Dataset entries.
++++++++++++++++++++
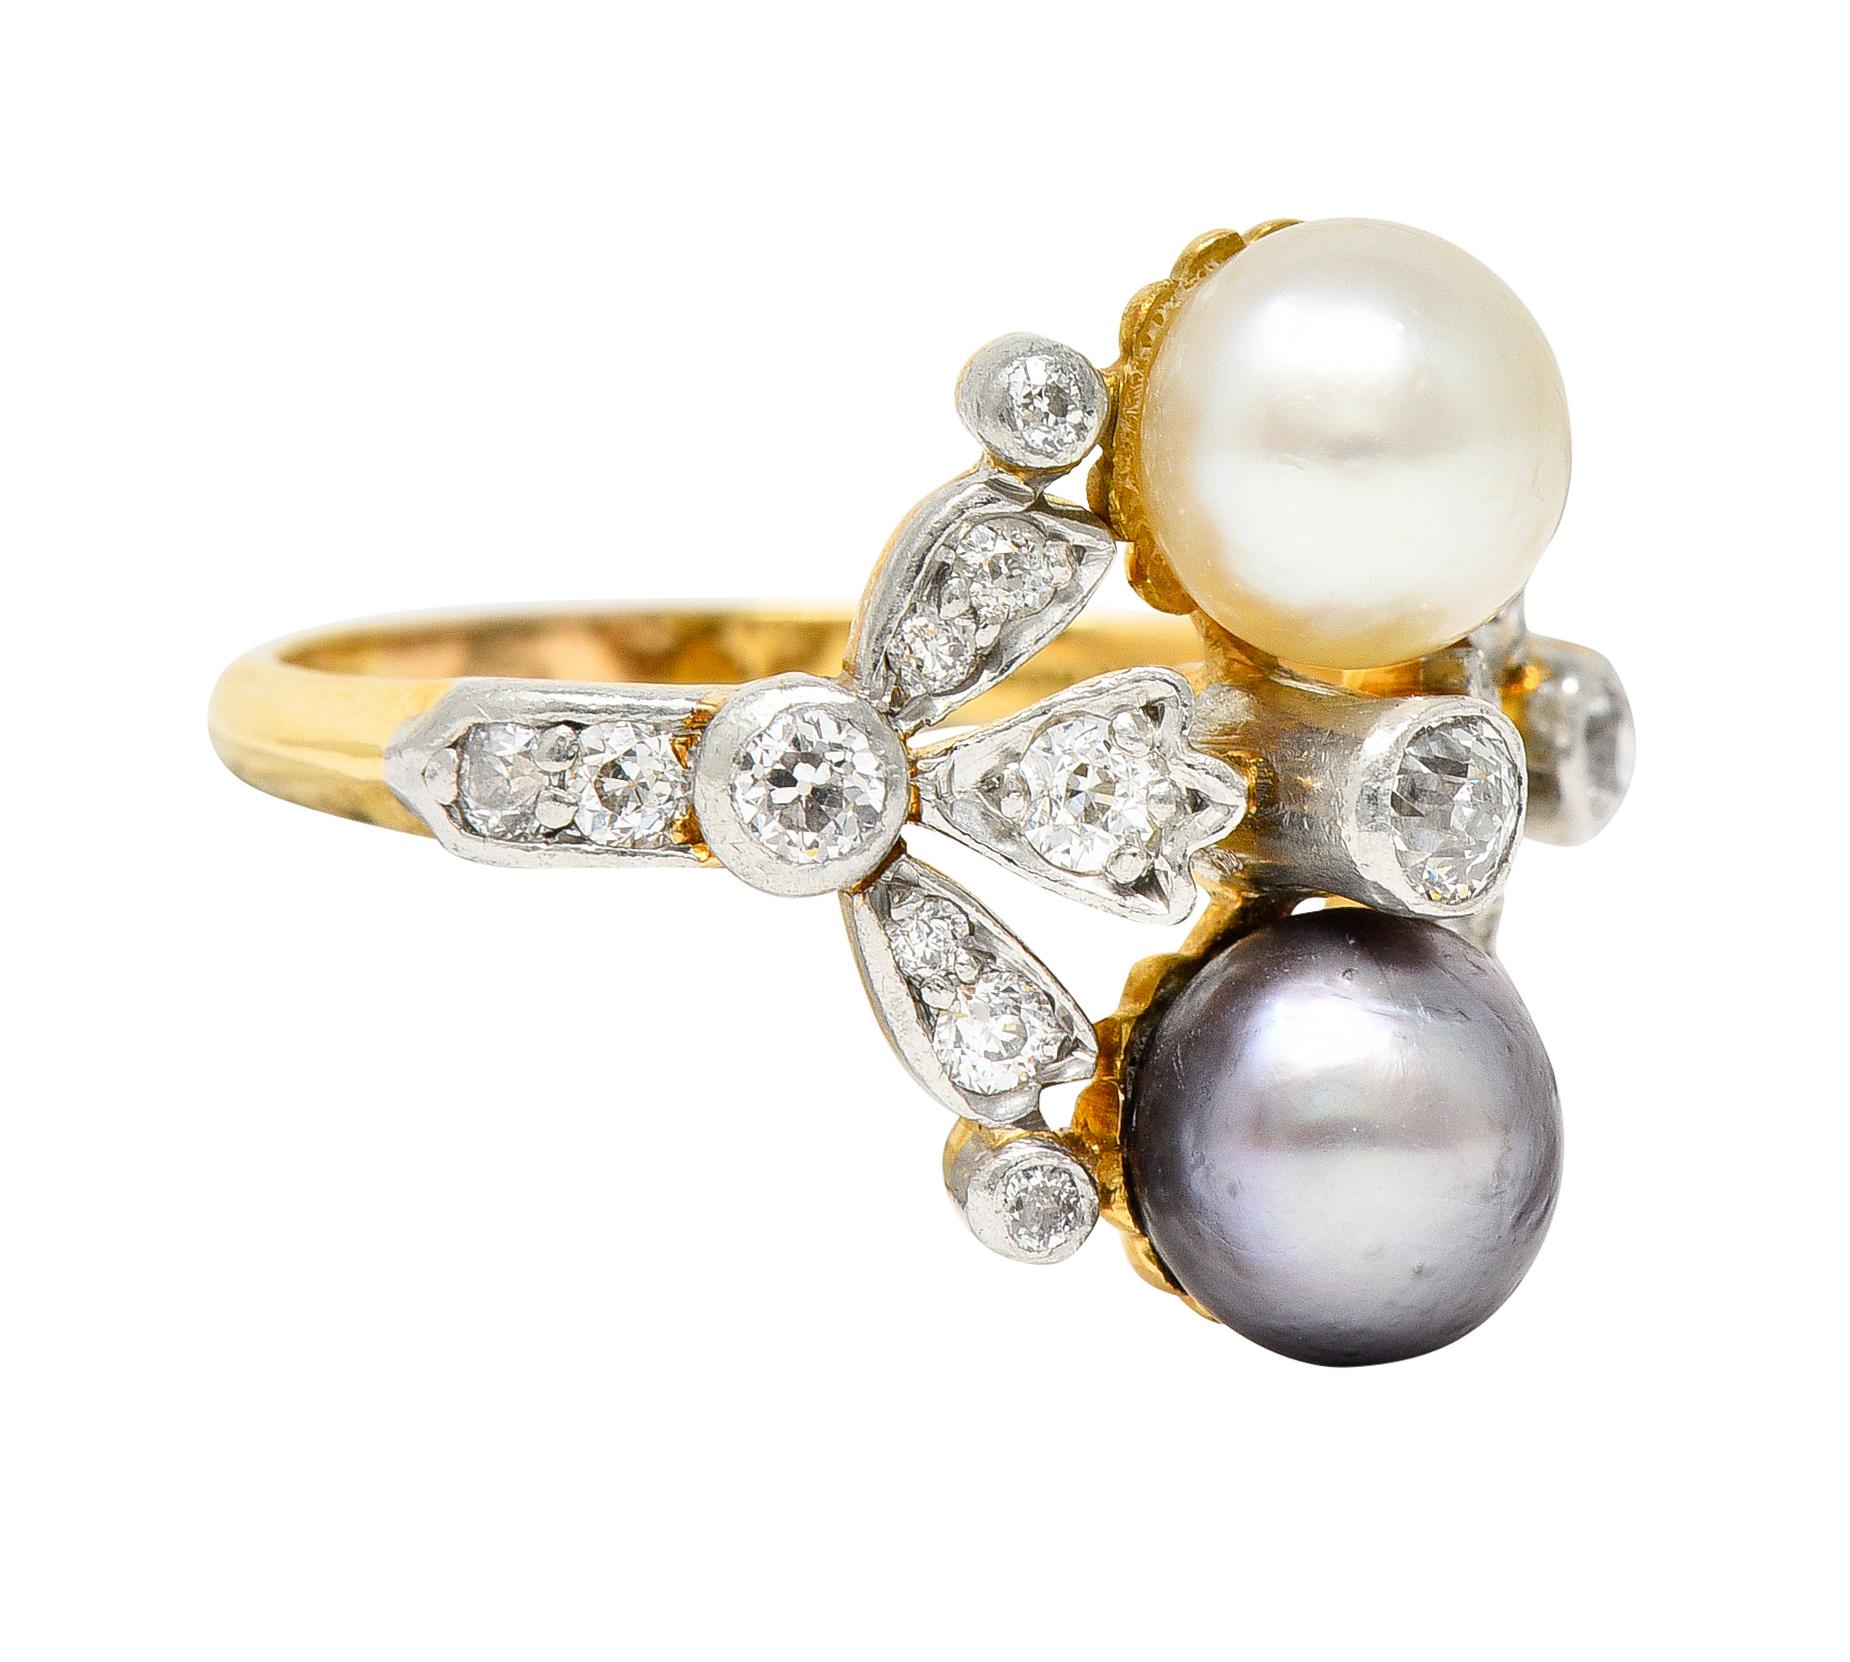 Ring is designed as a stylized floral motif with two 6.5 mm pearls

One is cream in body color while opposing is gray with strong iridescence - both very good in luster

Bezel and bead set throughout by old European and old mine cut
++++++++++++++++++++
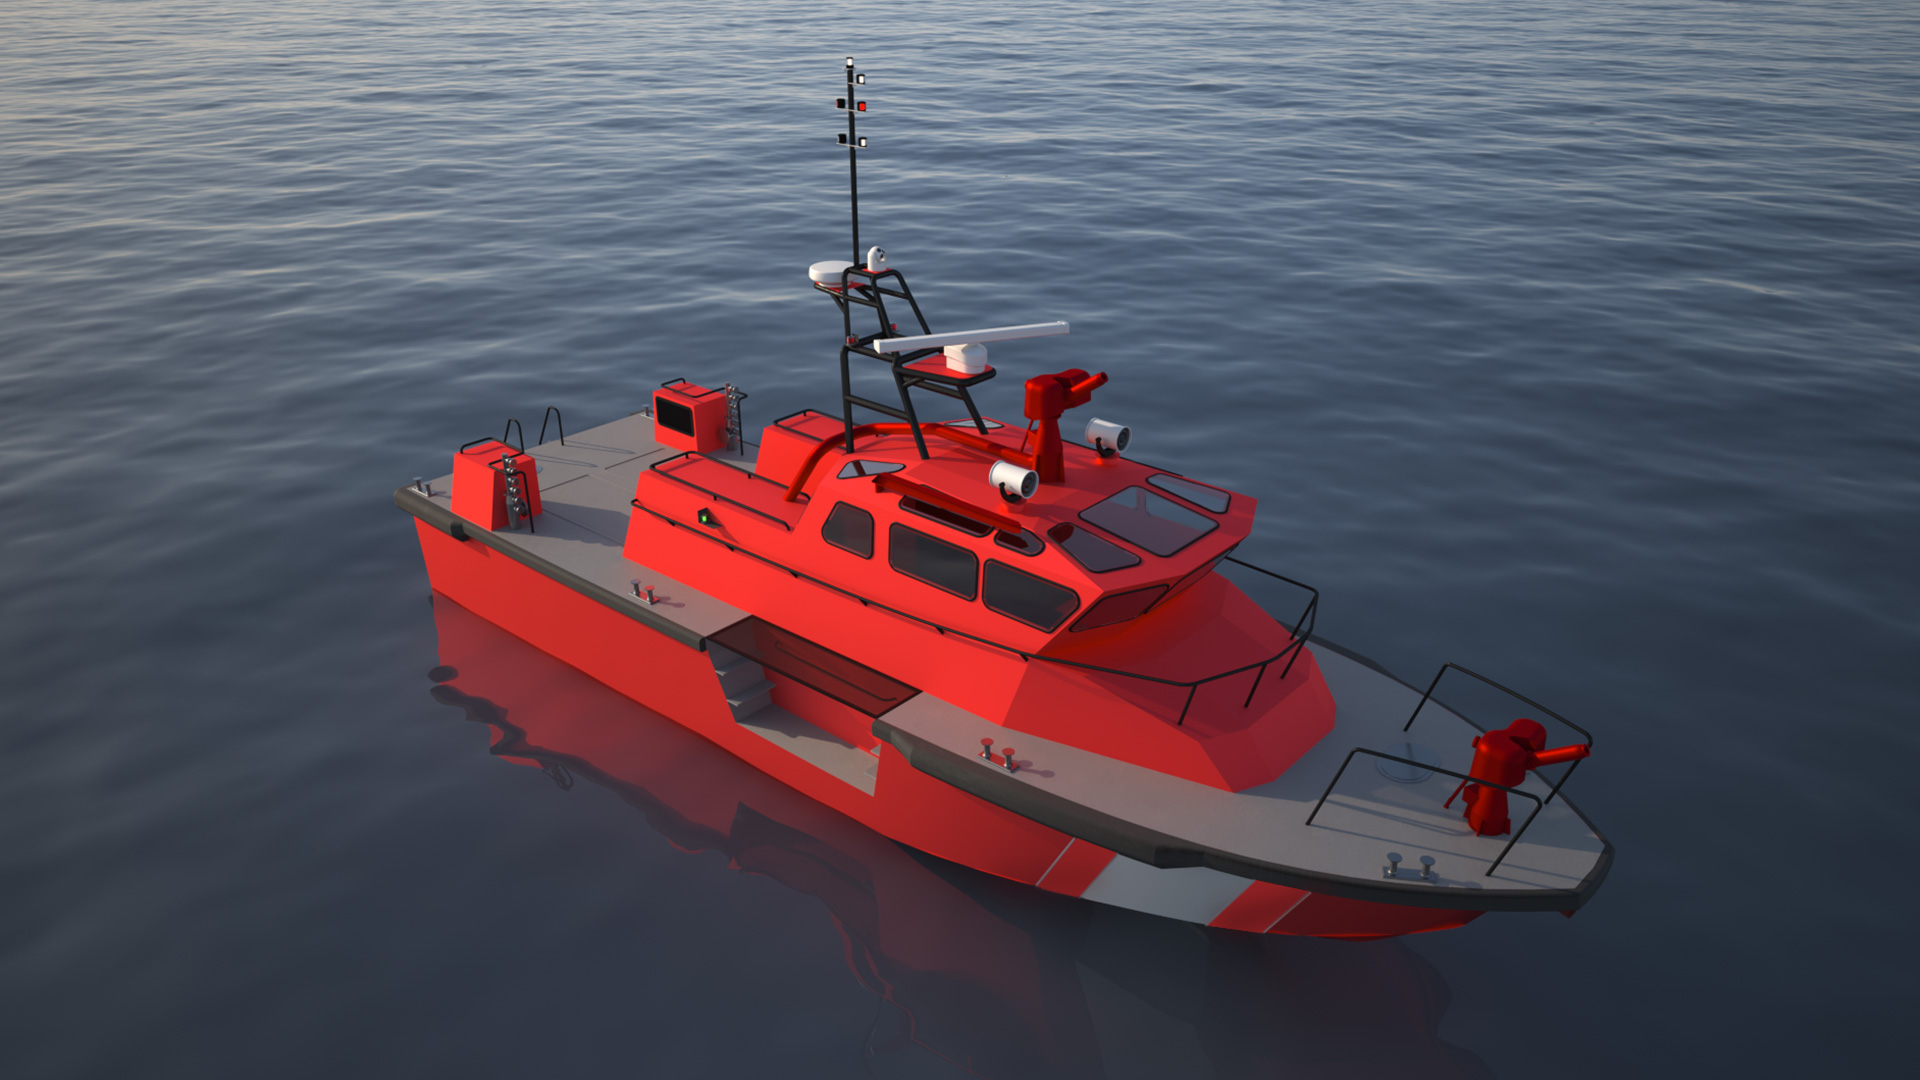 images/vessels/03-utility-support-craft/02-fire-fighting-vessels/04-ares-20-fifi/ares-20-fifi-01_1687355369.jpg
++++++++++++++++++++
Problem statement. Though the entries above contain pictures, none should be copied; reproduce only the lines between the one holding "Ring is designed" and the one holding "Bezel and bead", inclusive, exactly as written.

Exercise response.
 Ring is designed as a stylized floral motif with two 6.5 mm pearls

One is cream in body color while opposing is gray with strong iridescence - both very good in luster

Bezel and bead set throughout by old European and old mine cut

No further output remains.